Fourth, employers and harassers can’t hide their harassing comments. Many times, work environments would become toxic or permeated with harassing words and actions. Unfortunately, employers tried to hide these harassing and discriminatory comments as being “stray” or claim the person who fired the employee didn’t make the harassing comments. Employers would do so in an attempt to prevent this evidence from seeing daylight – preventing judges and juries from hearing this critical evidence. No more. From now on, common sense prevails. “The existence of a hostile work environment depends upon the totality of the circumstances and a discriminatory remark, even if not made directly in the context of an employment decision or uttered by a non-decisionmaker, may be relevant, circumstantial evidence of discrimination.” Government Code 12923(c)

Fifth, sexual harassment is sexual harassment, regardless of where you work. No more can employers and their lawyers try to create different legal standards for sexual harassment for different types of workplaces. All Californians are entitled to work in a place free of sexual harassment.
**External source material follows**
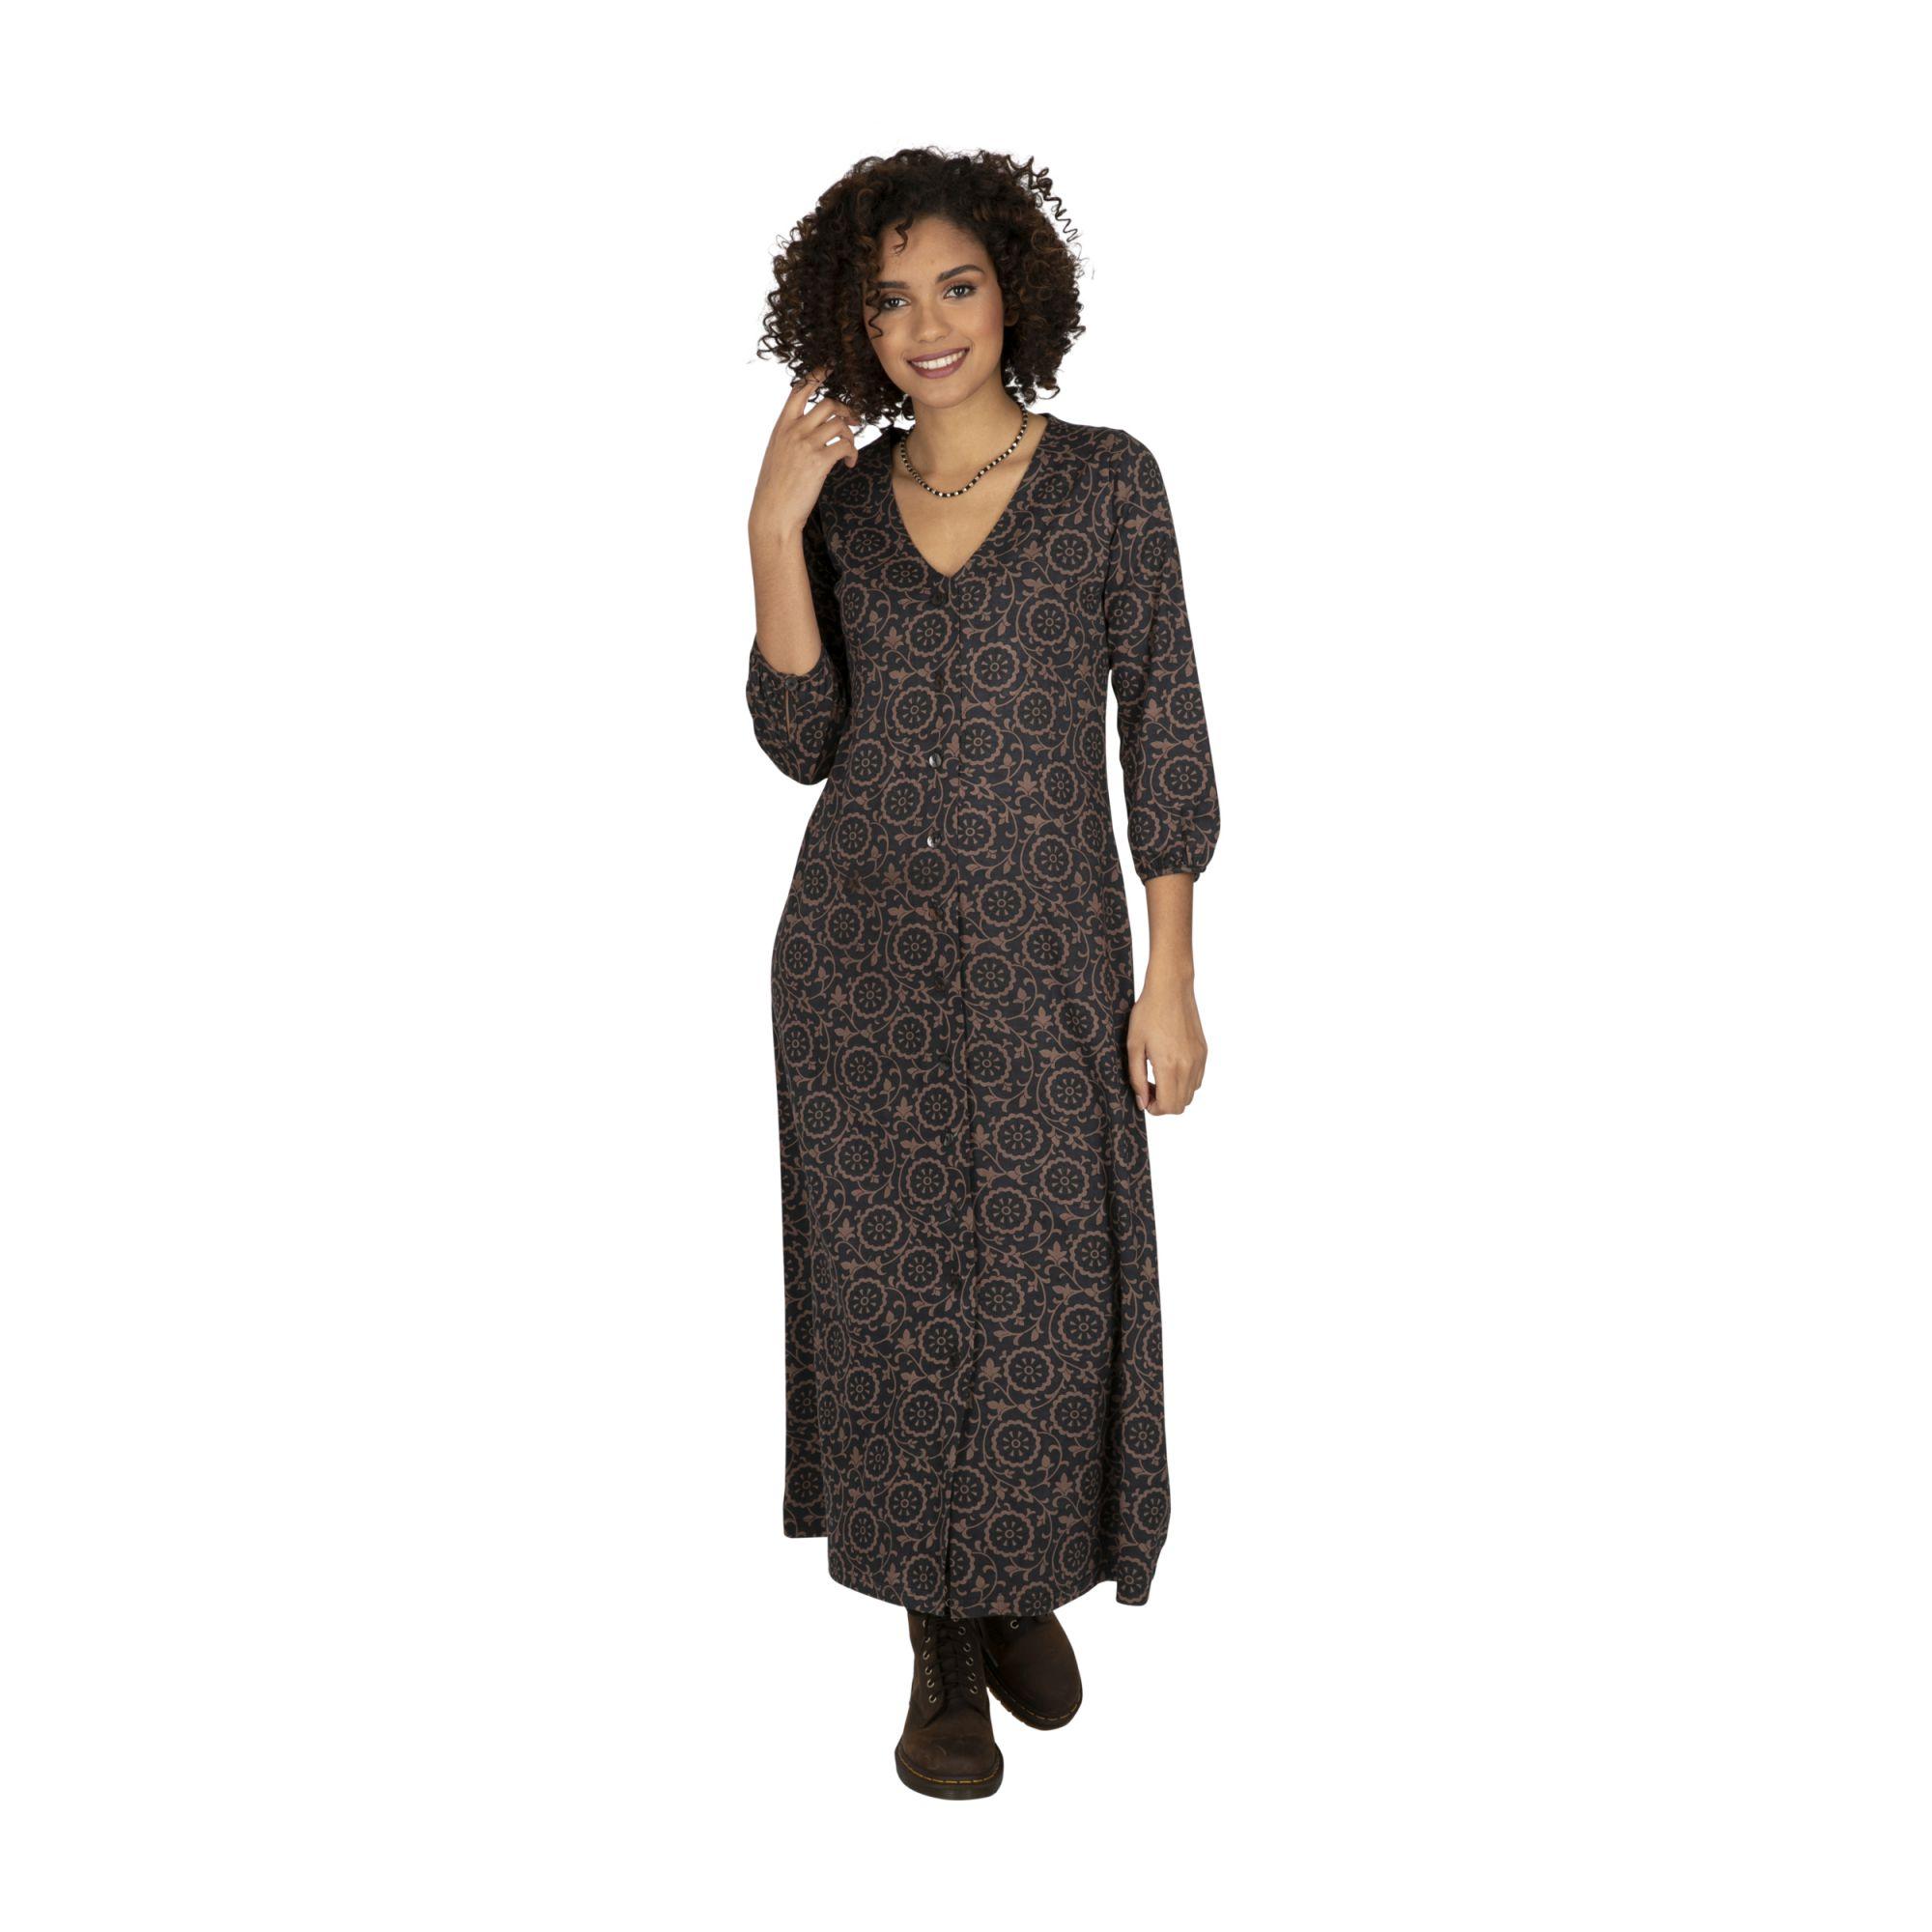 Robe femme longue tendance bohème noire Machalou

It is irrelevant that a particular occupation may have been characterized by a greater frequency of sexually related commentary or conduct in the past.

Lastly, the law in California made it clear that victims of sexual harassment get their day in court so that a jury of their peers can decide the case after hearing all the evidence and seeing the witnesses testify. The law in California confirms that harassment cases are rarely appropriate for disposition on summary judgment because hostile working environment cases involve issues “not determinable on paper;” jurors need to see and hear the testimony to make these determinations.

With all these changes in the law, our attorneys at Aarons Ward will continue to fight for justice, empower our clients, and seek to end sexual harassment and abuse in the workplace.